What the task requires —
Return only the lines of the listing below that run from the line with "Print Bureau Loop Stitiching" through the line with "Playa De La", both ends included, exactly as written.

Extracted material —
───
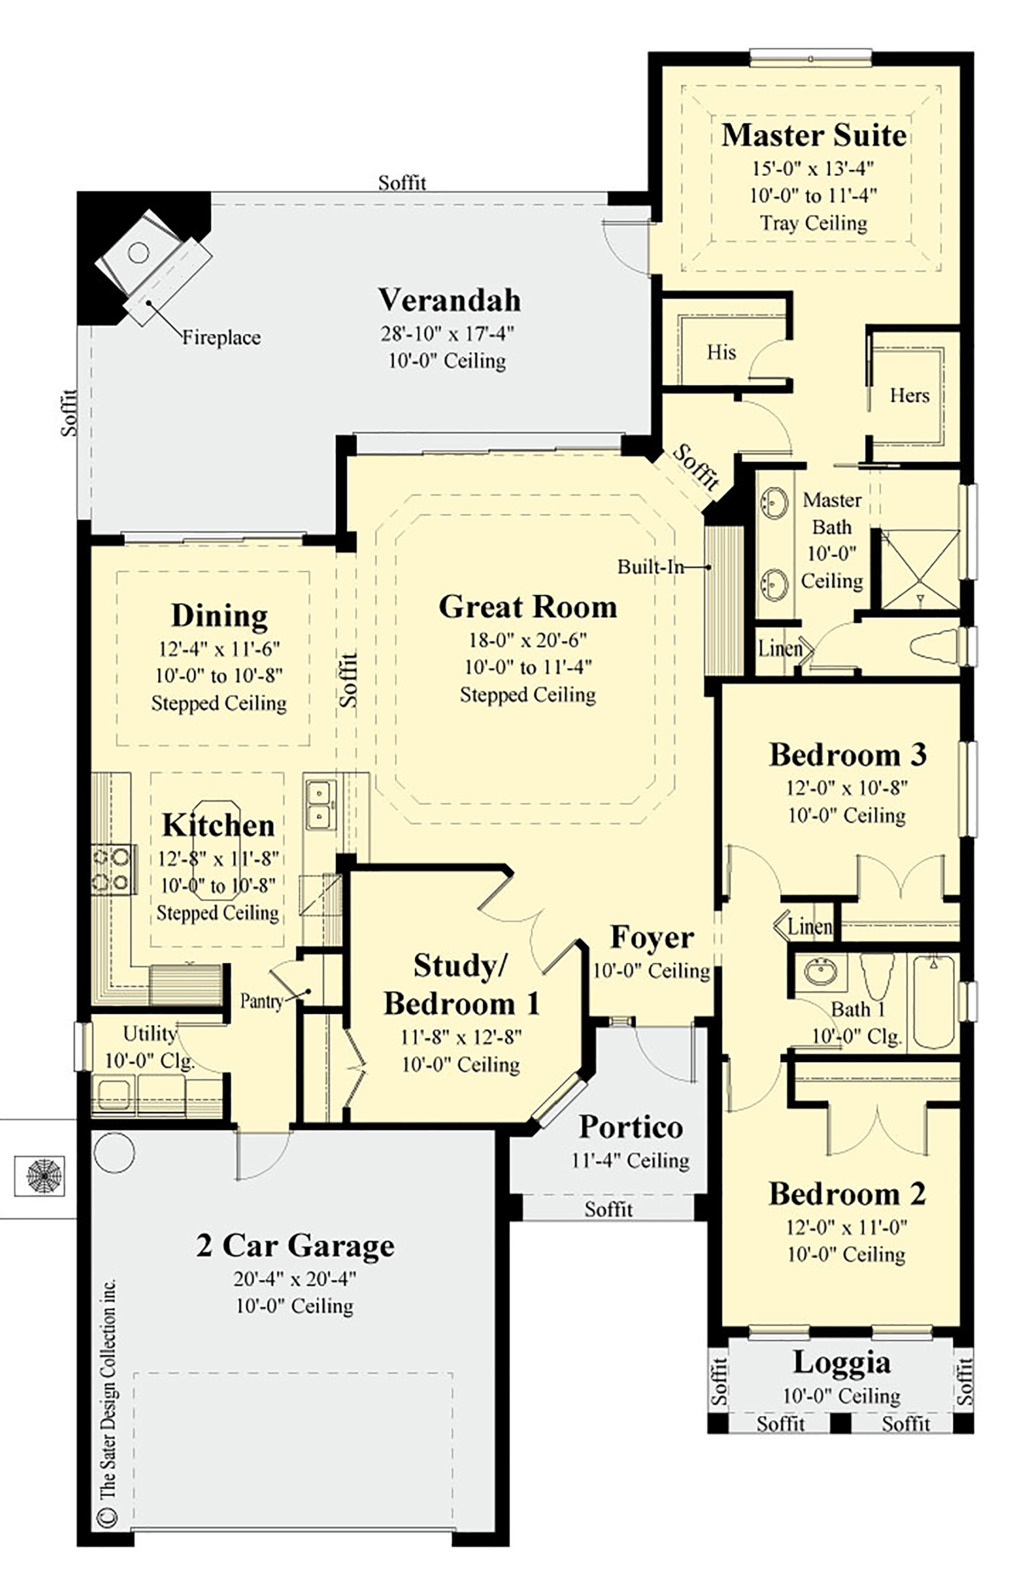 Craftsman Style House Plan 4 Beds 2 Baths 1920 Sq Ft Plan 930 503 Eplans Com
───
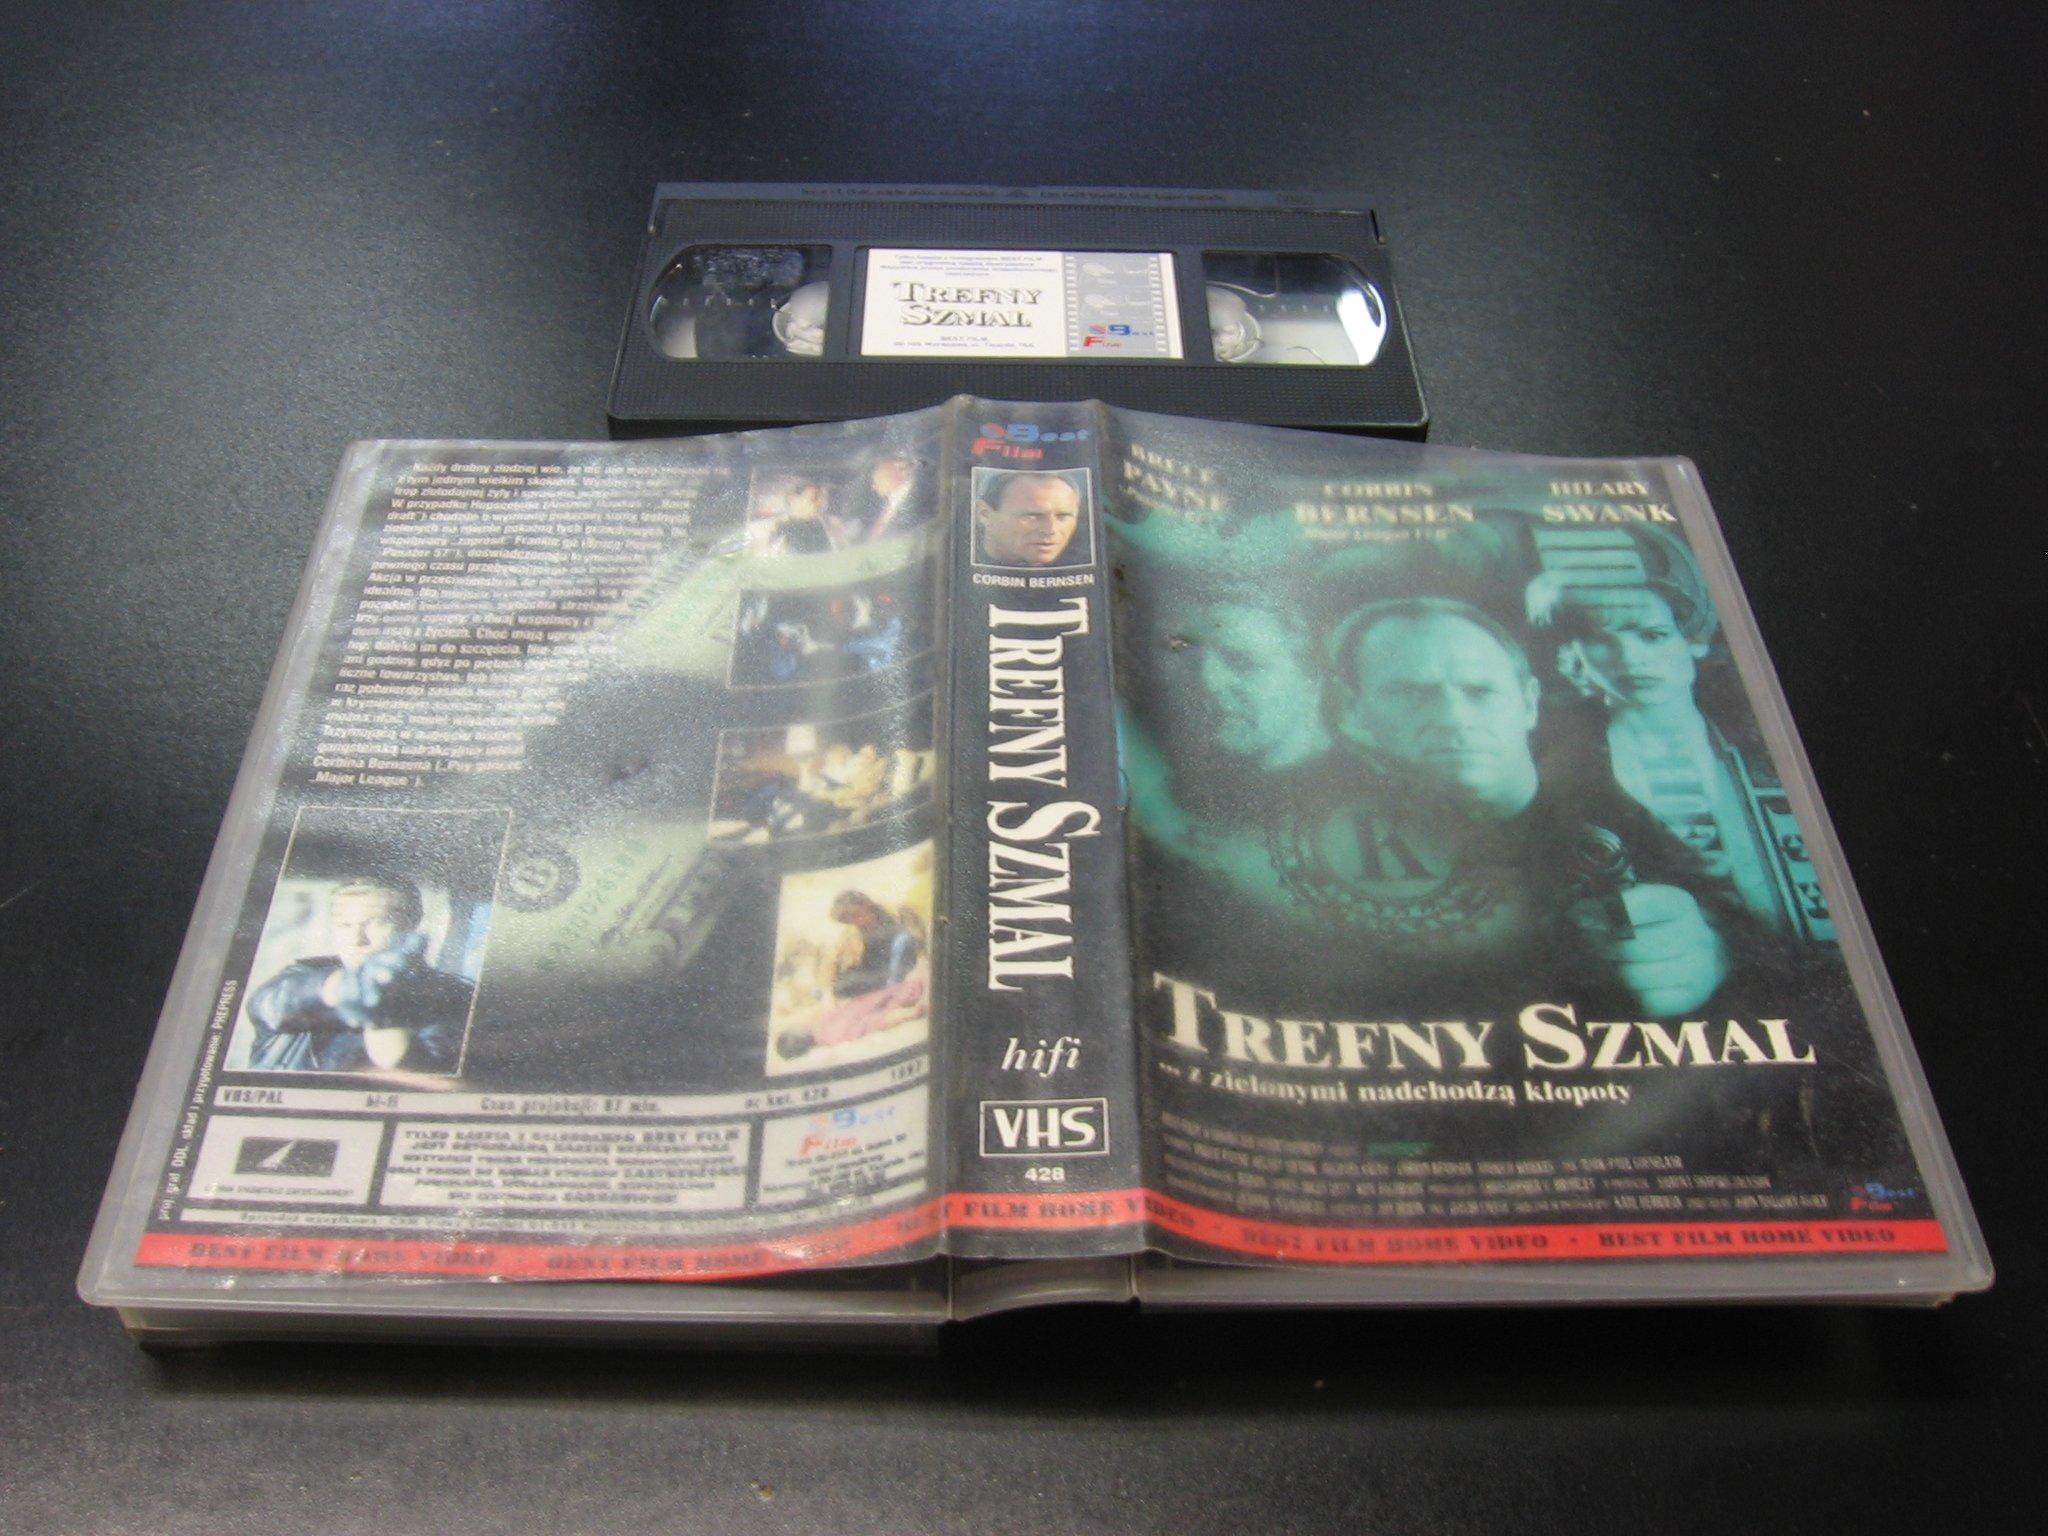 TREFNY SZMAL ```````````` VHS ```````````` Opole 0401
───
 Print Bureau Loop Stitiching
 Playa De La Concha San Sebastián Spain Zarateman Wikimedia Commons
───
Answer below —
 Print Bureau Loop Stitiching
 Playa De La Concha San Sebastián Spain Zarateman Wikimedia Commons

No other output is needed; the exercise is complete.